Now I never go out to dinner, I never see movies and I never travel. My
life is, like, plastic toys - and I mean everywhere. I'm so exhausted
by the end of the evening. People ask why I don't read scripts after
he has fallen asleep and I say, "Well, because I have to pick up
all his shit."' Needless to say, she doesn't have time for a huge
stable of new friends either. 'I've been famous my whole life, but I
probably have the same friends I've had since college. You choose
your friends because you feel safe with them. You choose them
because you trust them.' For the moment, however, it's about work
and Charlie. 'Yeah, he does look a little like me,' she says coyly. 'You
know, his eyes and his chin, his mouth, his hair. And like me, he
doesn't panic; he's really calm, and he's been like that from the
moment he was born. He's unlike me in that he's very cautious.
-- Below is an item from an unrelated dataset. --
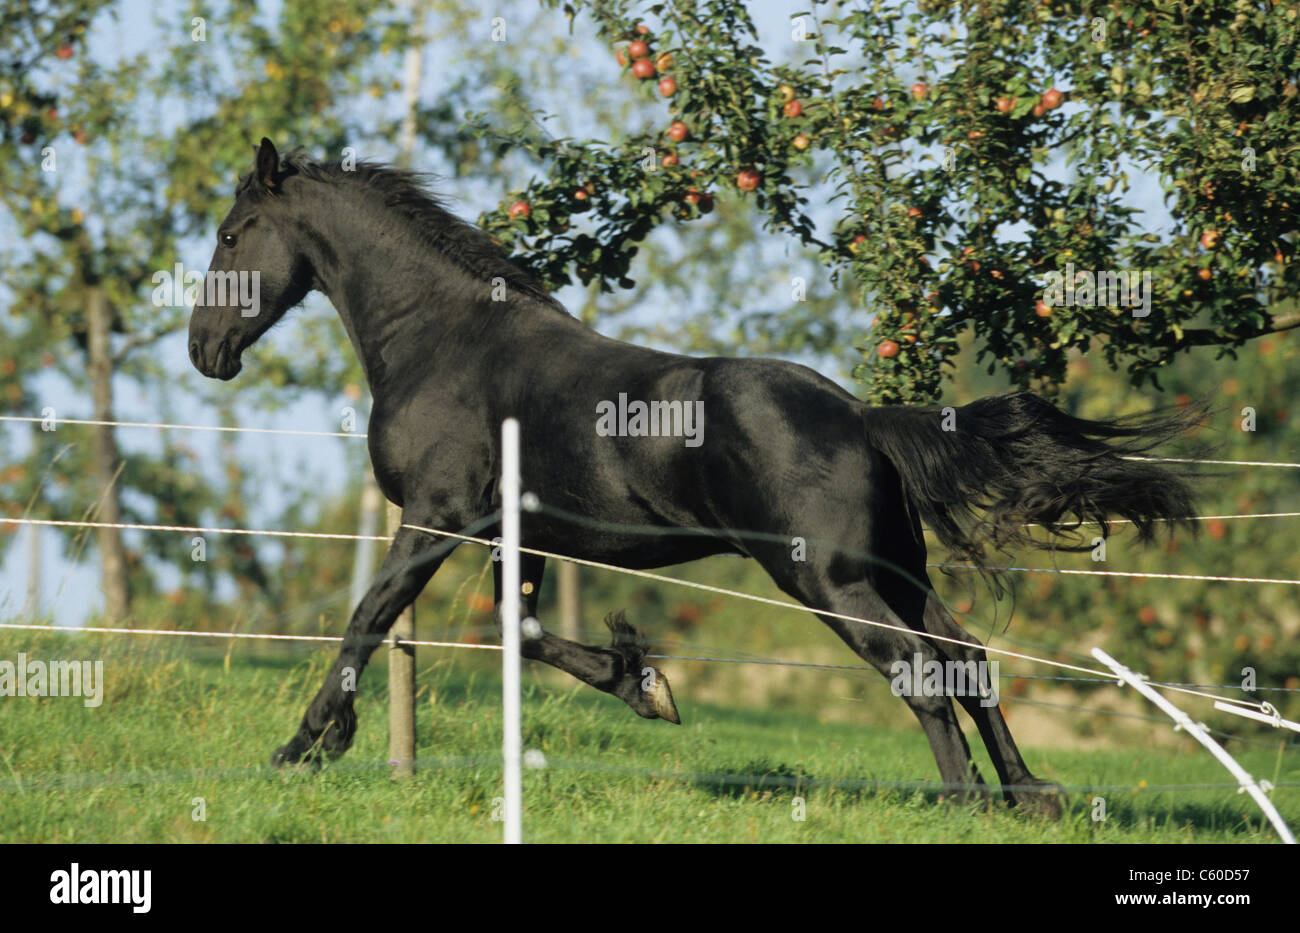 Friesian caballo (Equus ferus caballus) rompiendo una valla eléctrica. Foto de stock

It's not that he's shy, but he needs to figure stuff out before he
decides what he's going to get involved with. ' She looks up and
grins: 'It's fun being consumed.'
Not surprisingly for the woman for whom the term 'multi-tasking'
was probably invented, Foster has absolutely no problem with
bringing up a son as a single parent. 'There are all sorts of ways
of raising children and none of them is perfect. And the normal
way is not necessarily always the healthy way and that's what it
should be about - the quality of parenting. It shouldn't be about
"how many parents". The ideal of the mother, the father and the
station wagon frankly doesn't really exist in America any more.' As
I walk through the lobby of the Four Seasons, her words rattle
around my head. What Jodie Foster, the star of Anna and the King, seems to be preaching is tolerance of other people's ways of life,
of other people's beliefs - which is just what her new film is about
and, at the end of the day, all she's ever really wanted for herself.